Given entries>
+===+

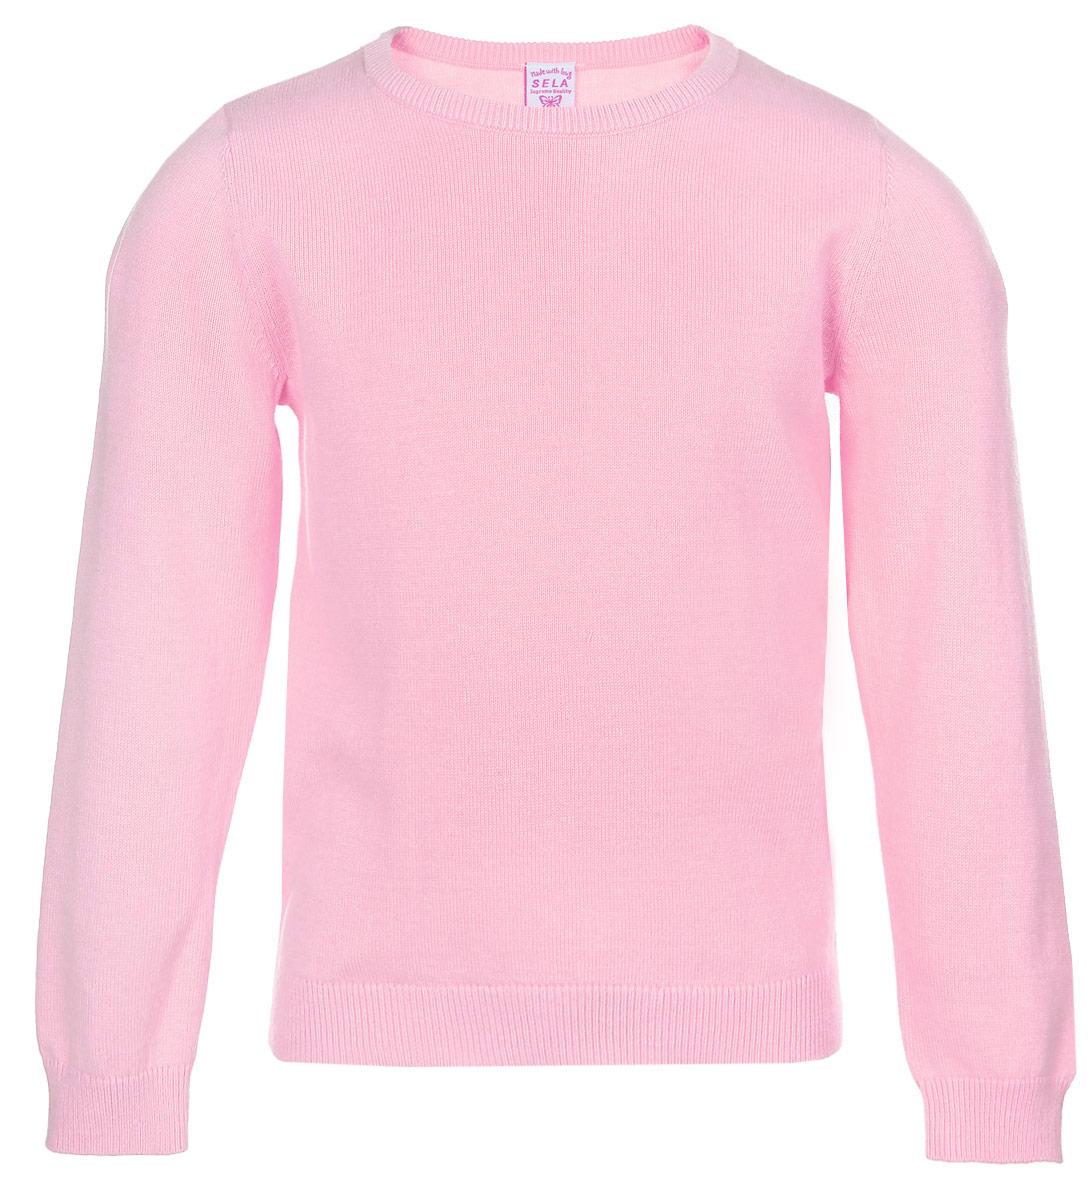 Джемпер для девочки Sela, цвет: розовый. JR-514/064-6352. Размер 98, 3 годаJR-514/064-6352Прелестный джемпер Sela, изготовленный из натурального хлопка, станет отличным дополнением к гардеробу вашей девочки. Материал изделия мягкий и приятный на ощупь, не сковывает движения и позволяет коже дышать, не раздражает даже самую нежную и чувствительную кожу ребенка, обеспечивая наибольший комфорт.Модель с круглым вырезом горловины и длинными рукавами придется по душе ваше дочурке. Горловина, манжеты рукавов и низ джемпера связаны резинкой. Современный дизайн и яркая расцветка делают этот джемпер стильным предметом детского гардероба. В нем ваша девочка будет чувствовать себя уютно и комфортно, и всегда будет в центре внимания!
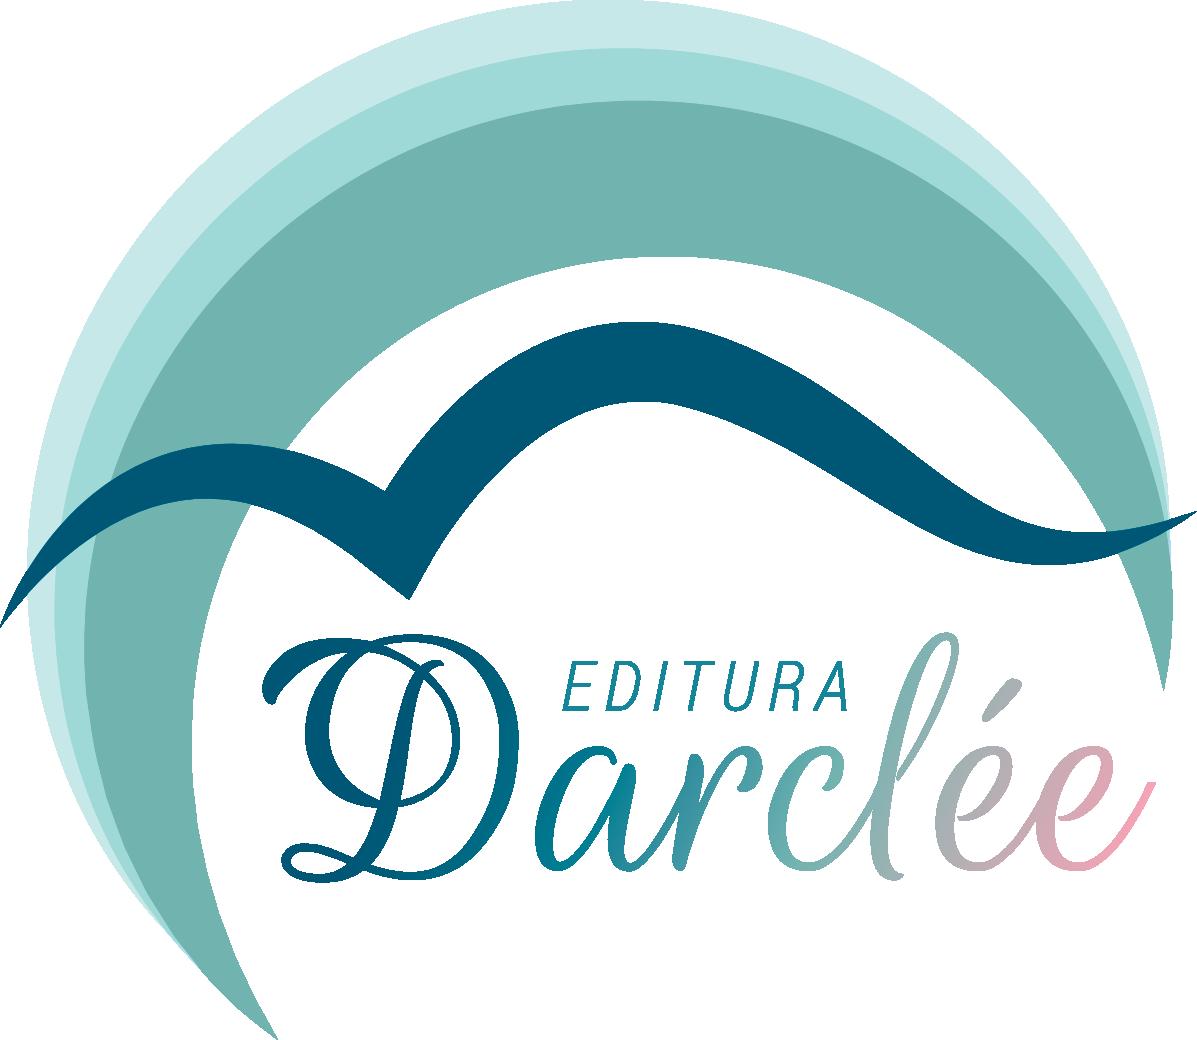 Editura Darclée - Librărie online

+===+

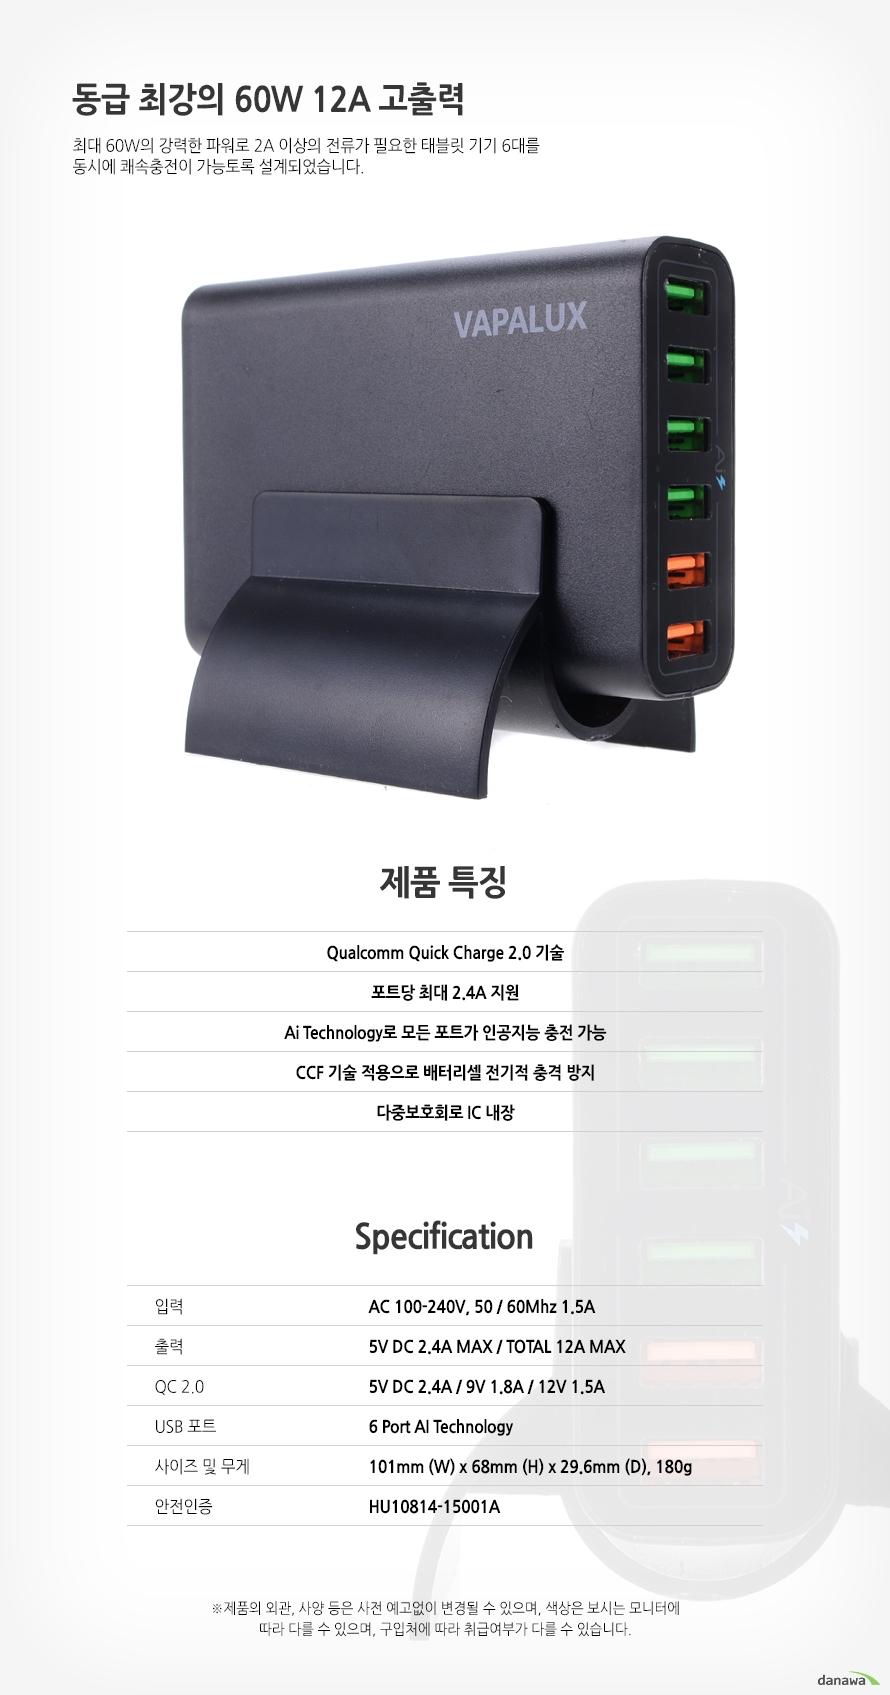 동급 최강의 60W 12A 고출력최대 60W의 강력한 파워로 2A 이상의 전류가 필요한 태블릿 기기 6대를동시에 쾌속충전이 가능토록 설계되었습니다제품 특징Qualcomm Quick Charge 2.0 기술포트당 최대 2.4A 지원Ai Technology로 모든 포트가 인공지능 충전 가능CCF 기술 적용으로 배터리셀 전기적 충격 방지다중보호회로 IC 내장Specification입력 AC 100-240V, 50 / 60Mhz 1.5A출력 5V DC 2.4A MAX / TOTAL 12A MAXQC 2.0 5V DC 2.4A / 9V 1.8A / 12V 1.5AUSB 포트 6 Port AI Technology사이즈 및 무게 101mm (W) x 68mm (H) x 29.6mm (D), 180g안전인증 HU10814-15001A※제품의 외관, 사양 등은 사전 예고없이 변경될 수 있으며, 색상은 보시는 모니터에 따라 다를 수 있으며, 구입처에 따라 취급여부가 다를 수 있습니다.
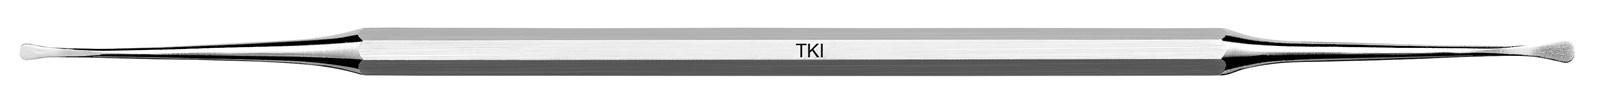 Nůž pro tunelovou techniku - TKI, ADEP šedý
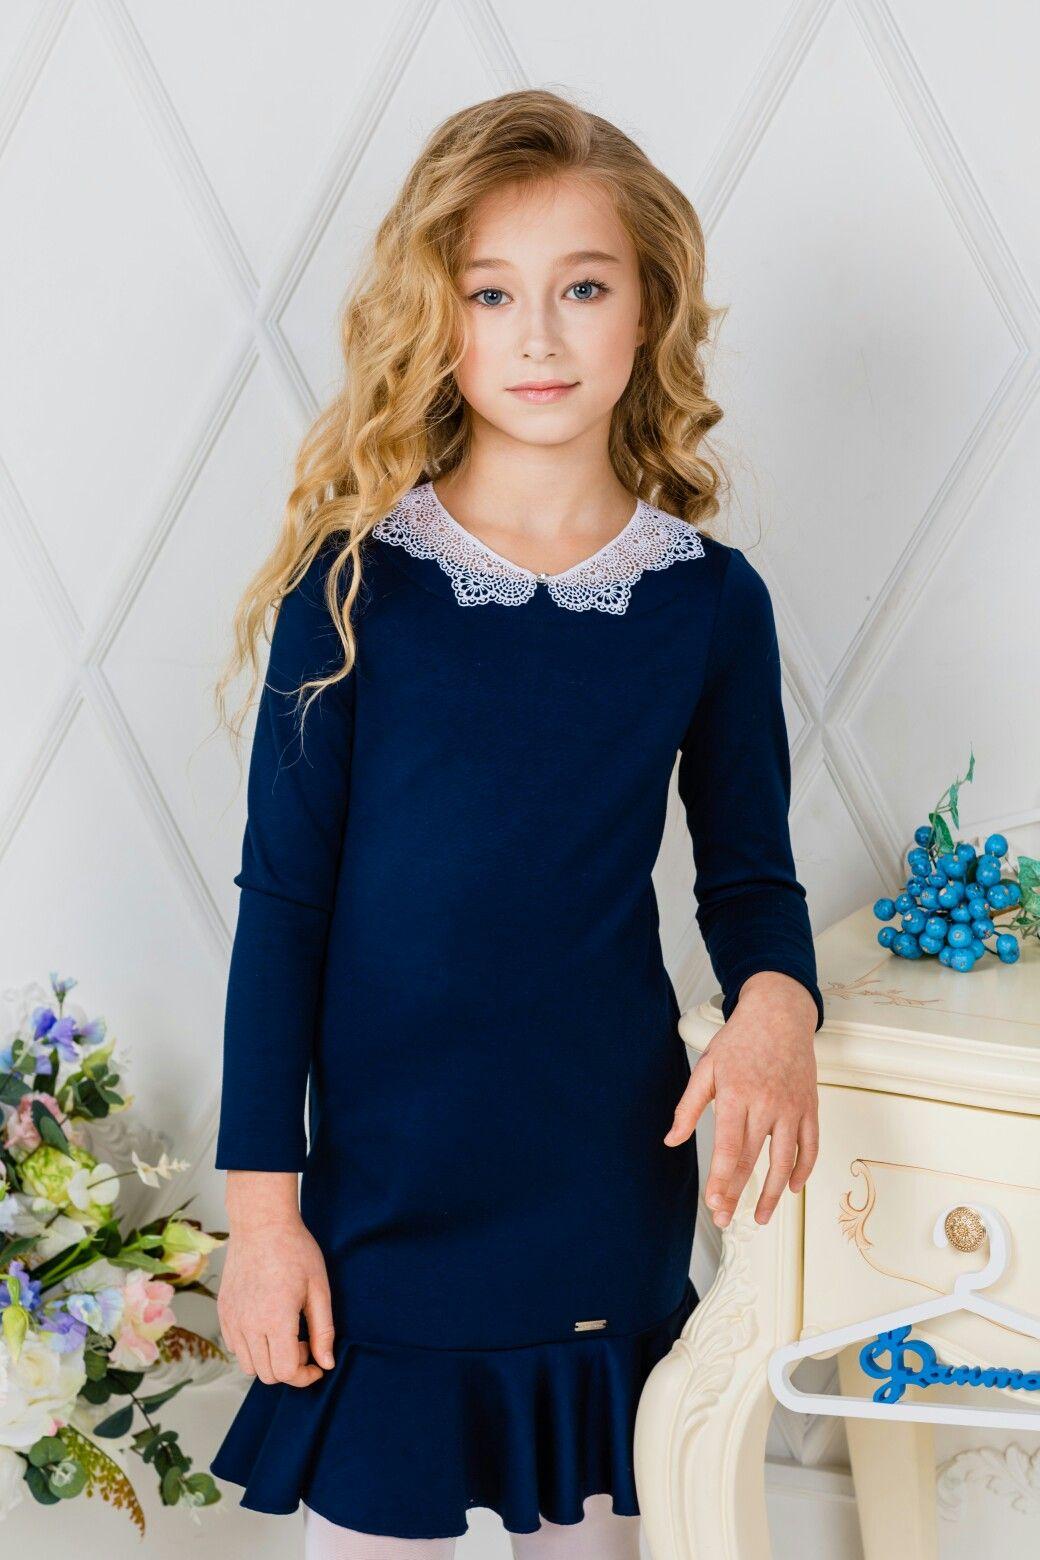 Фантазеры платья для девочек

+===+

What you need to do> Above are the records. Copy word for word only their lines from the one holding "Джемпер для девочки" through the one holding "Editura Darclée - Librărie online", both included, and skip the images.

Answer>
 Джемпер для девочки Sela, цвет: розовый. JR-514/064-6352. Размер 98, 3 годаJR-514/064-6352Прелестный джемпер Sela, изготовленный из натурального хлопка, станет отличным дополнением к гардеробу вашей девочки. Материал изделия мягкий и приятный на ощупь, не сковывает движения и позволяет коже дышать, не раздражает даже самую нежную и чувствительную кожу ребенка, обеспечивая наибольший комфорт.Модель с круглым вырезом горловины и длинными рукавами придется по душе ваше дочурке. Горловина, манжеты рукавов и низ джемпера связаны резинкой. Современный дизайн и яркая расцветка делают этот джемпер стильным предметом детского гардероба. В нем ваша девочка будет чувствовать себя уютно и комфортно, и всегда будет в центре внимания!
 Editura Darclée - Librărie online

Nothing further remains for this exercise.